My search was not facilitated, to any great extent, by cookbooks readily available in America. Most of the standard cookbooks contain one, maybe two, very ordinary soda bread recipes. When I say “ordinary,” I mean that the recipes prescribed the most basic ingredients–flour, baking soda, and buttermilk.

Frustrated, I started hunting down more recipes. I first resorted to faxing hotels and B&Bs listed in tourist brochures. While the response ratio was not fantastic (due to the fact, I think, that some people guard their soda bread recipes like state secrets), I did receive some great recipes. But on return trips to Ireland, I have been more attentive and have not been afraid to ask for a recipe.
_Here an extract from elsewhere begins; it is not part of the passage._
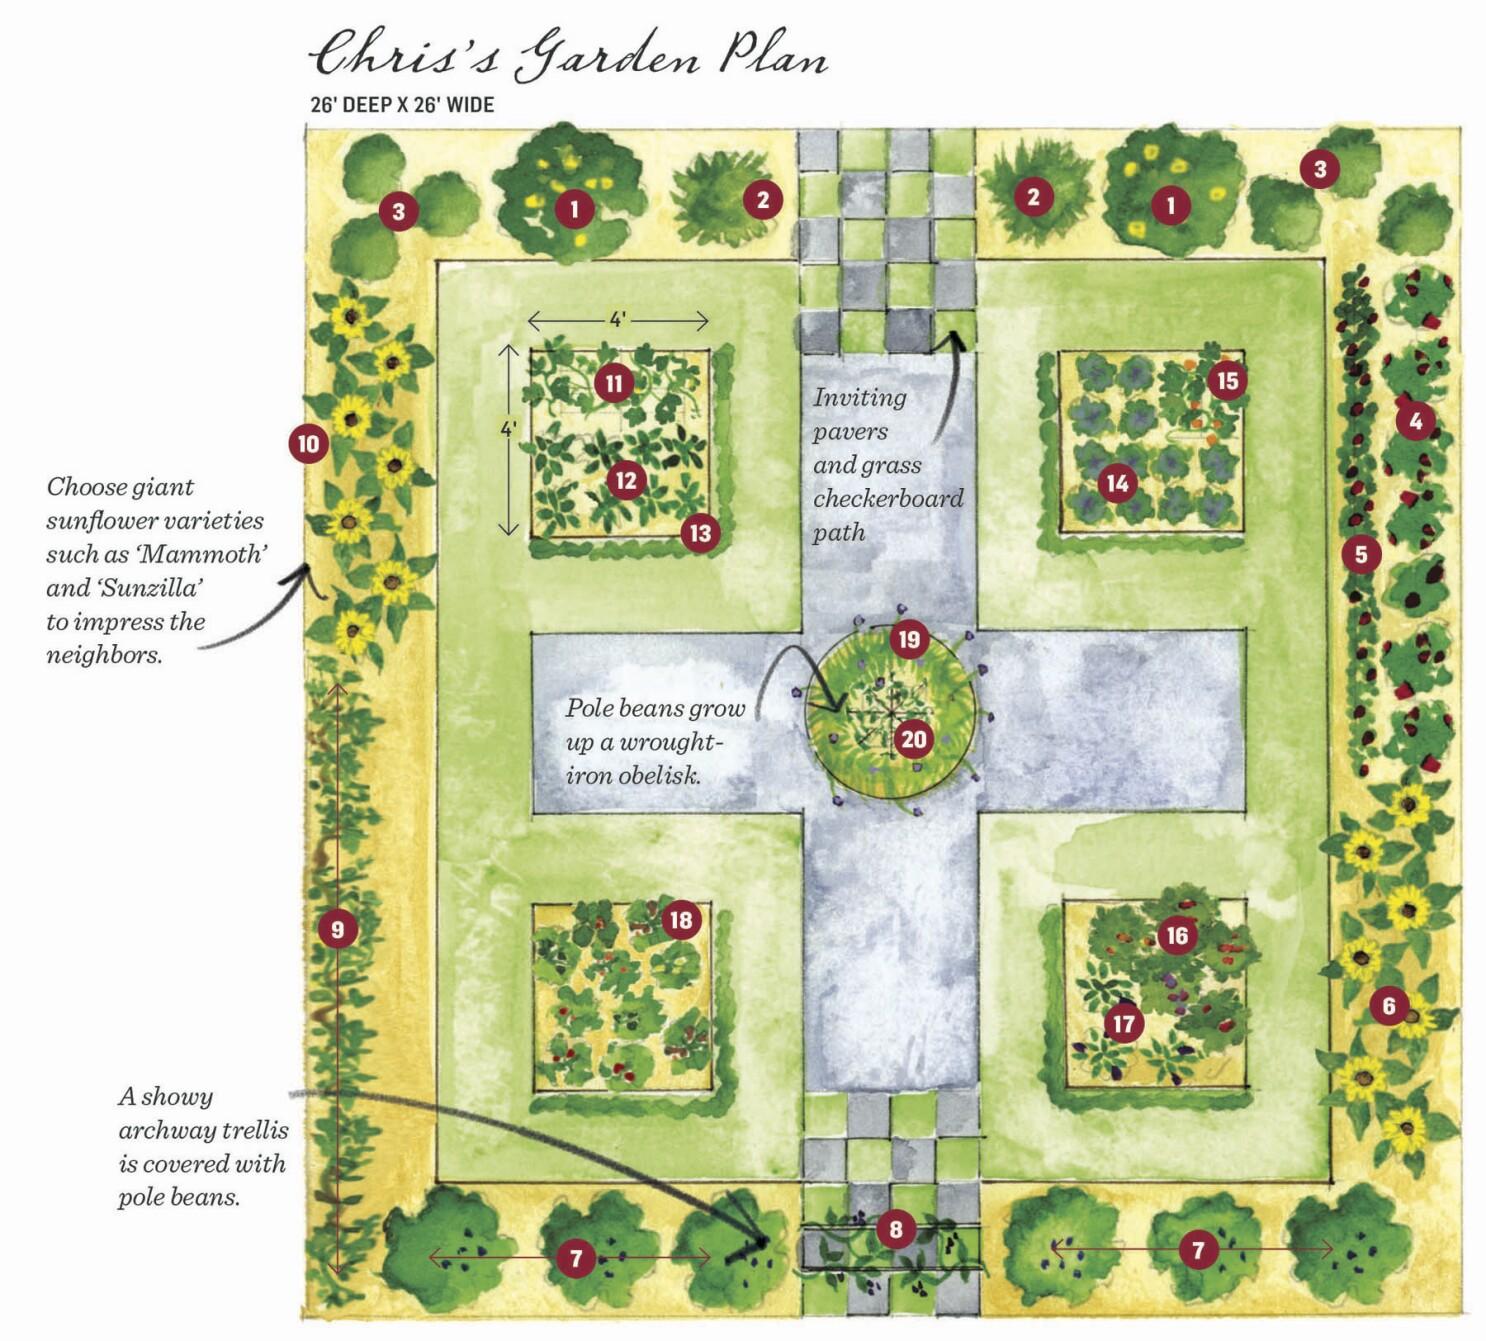 Groundbreaking Food Gardens Presents 73 Themed Plans Los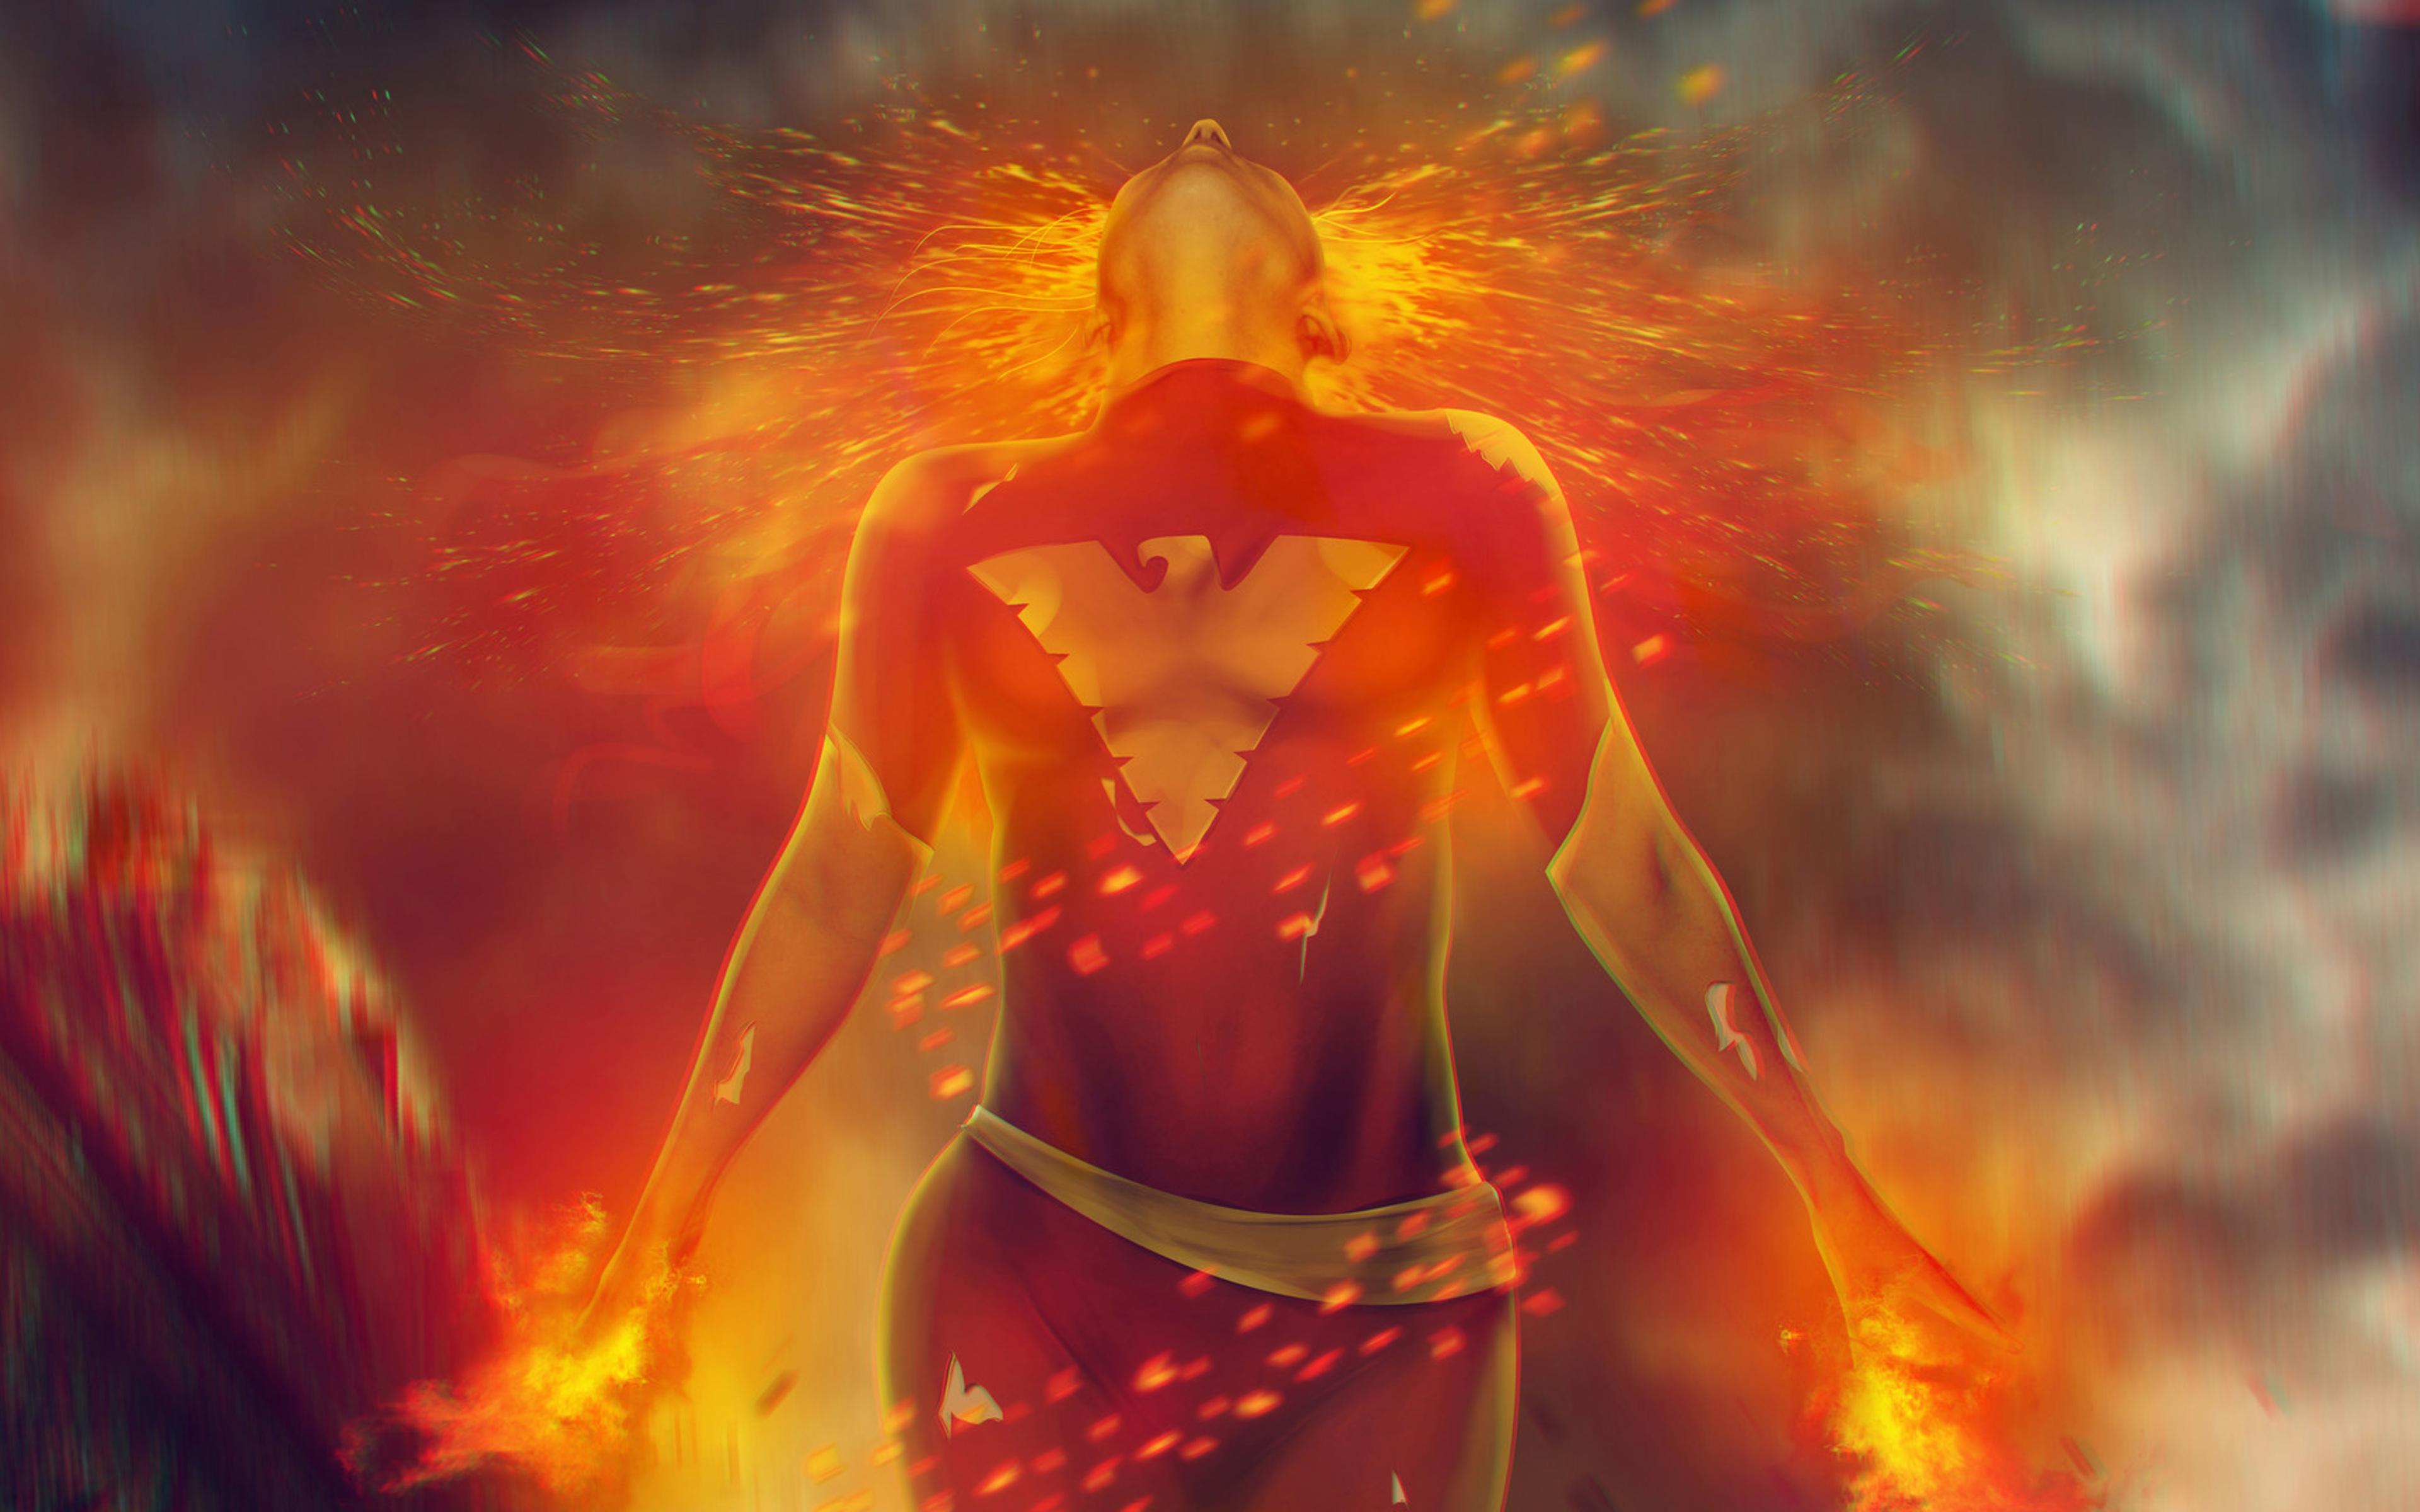 Jean Grey From X Men Dark Phoenix Wallpaper 4k Ultra Hd Id4230

It would be hard to pick a favorite, though I have one. I suggest you enjoy them all with your favorite jam and forgo any diet just long enough to allow yourself some real butter. …

The ingredients you need to make Irish soda bread are sometimes hard to come by. I’ve heard stories of people hauling pounds of Irish flour back to America in order to make bread, but that is really not practical in the long run. What do you do when your stash of “good” flour dwindles? You look for the best-quality substitutes you can find.

In their original form, Irish soda bread recipes call for flours like Odlum’s Coarse Ground Whole Meal, wheaten meal or stone-ground whole meal flour. What all these flours have in common is that the wheat is crushed between millstones, producing flour with the texture of coarse sand and with the bran intact. Unfortunately, these flours, so pleasant to the palate and friendly to the digestive system, are not available on this side of the Great Pond.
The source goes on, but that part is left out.